By decision of the resolution authorities (Single Resolution Board -SRB- and FROB) the entity’s shares have been written off at zero value, meaning that the shareholders lose all the money invested. The operation has consisted of a reduction of the share capital to zero euros, through the amortization of all the shares of Banco Popular, as well as the conversion of the convertible bonds and the subordinated debt into shares, acquired in turn at the indicated symbolic price for the Santander.
What legal measures can be taken?
It is worth asking what legal actions affected shareholders can take.
Those who attended Banco Popular’s capital increase in June 2016, if they prove that the prospectus did not reflect the true image of the bank, can claim the loss suffered.
Aside from the above, the shareholders have several legal actions in civil proceedings to defend their position, directed against Banco Popular, and without prejudice to the criminal actions that could also be filed, if applicable, against the entity itself as well. as against his former managers for their mismanagement.
Those affected could initiate the actions provided for in the Civil Code, for annulability due to a defect in the consent given by mistake, or due to fraud, derived from falsehoods, omissions of relevant information, or misleading statements offered by the entity itself.
Shareholders who have acquired their securities on the occasion of the last capital increase, in June 2016, article 38 of the consolidated text of the Securities Market Law, establishes the responsibility of the issuer, the offeror and the administrators, as well as of the guarantor and the entity managing the issue, for the information contained in the prospectus, in the event that damages are caused to the holders of the securities acquired as a result of false information or omissions of relevant data in the prospectus.

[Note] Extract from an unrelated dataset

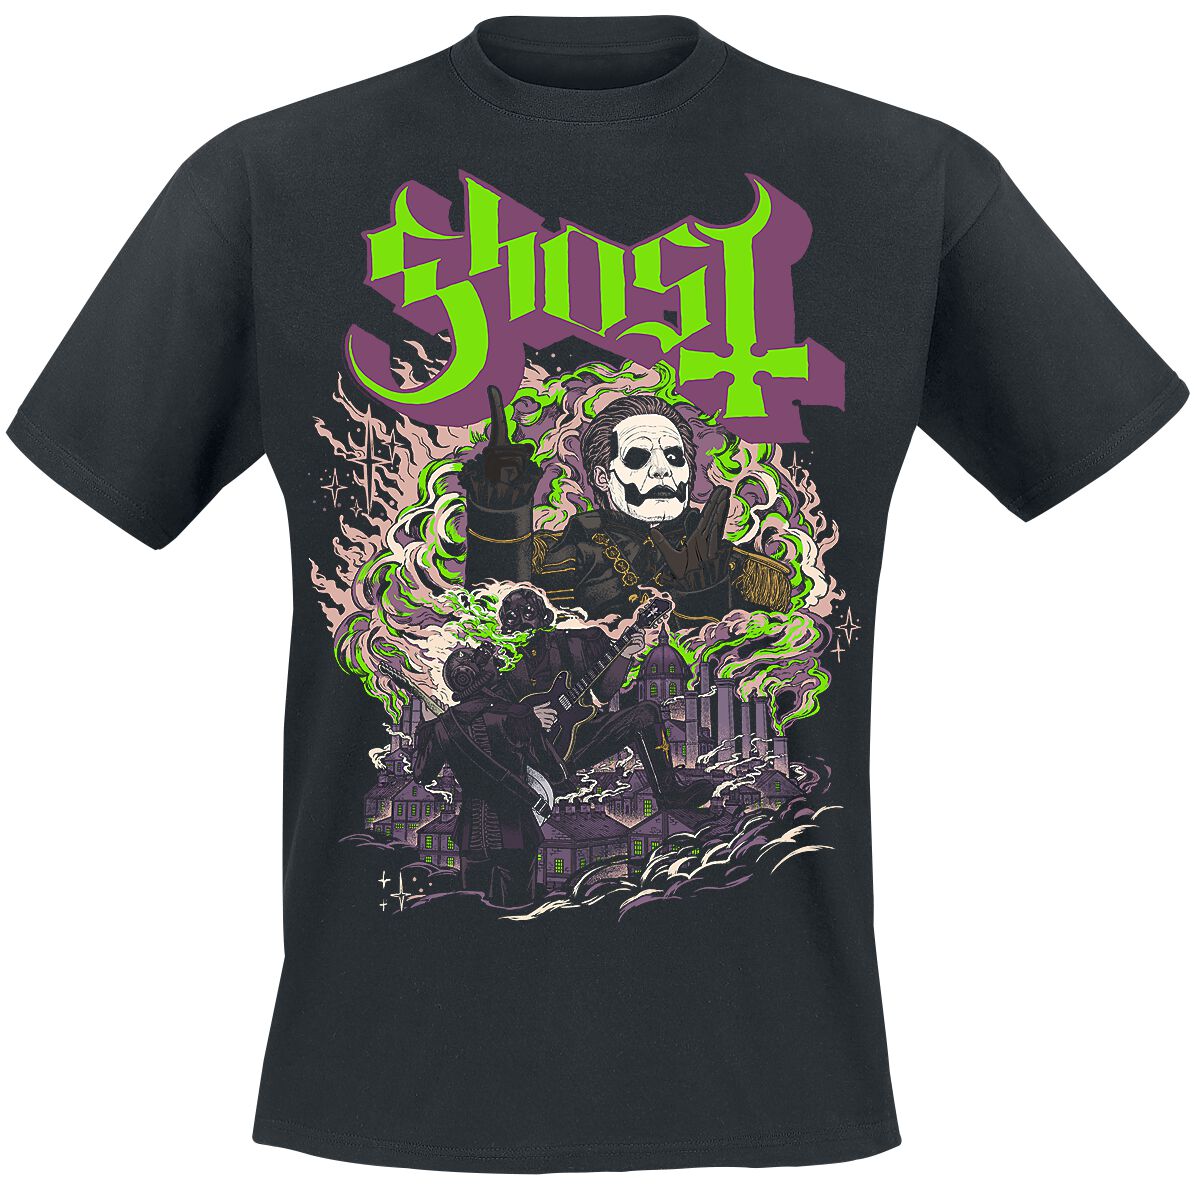 Ghost T-Shirt - FOG - YK - S bis 4XL - für Männer - Größe 3XL - schwarz  - Lizenziertes Merchandise!

If the purchase of shares was made on the advice of the entity itself, said purchase could be attacked due to poor advice on the part of the banking entity, and it must be proven that it was the entity itself or its employees who recommended the purchase of shares.
At the same time, in addition to the actions described, the decisions adopted by the Single Resolution Board, the body that validated the purchase operation, could be challenged, although in this case, the action must be brought before the Court of Luxembourg.
The liquidation of the Bank having also been ratified by the FROB, said decision is also susceptible to challenge, with the National Court being the competent body.
The different actions have different procedural and temporal requirements, so the most advisable thing would be to carry out a detailed study of the real viability of the possible actions, for which our Firm has specialists in the matter.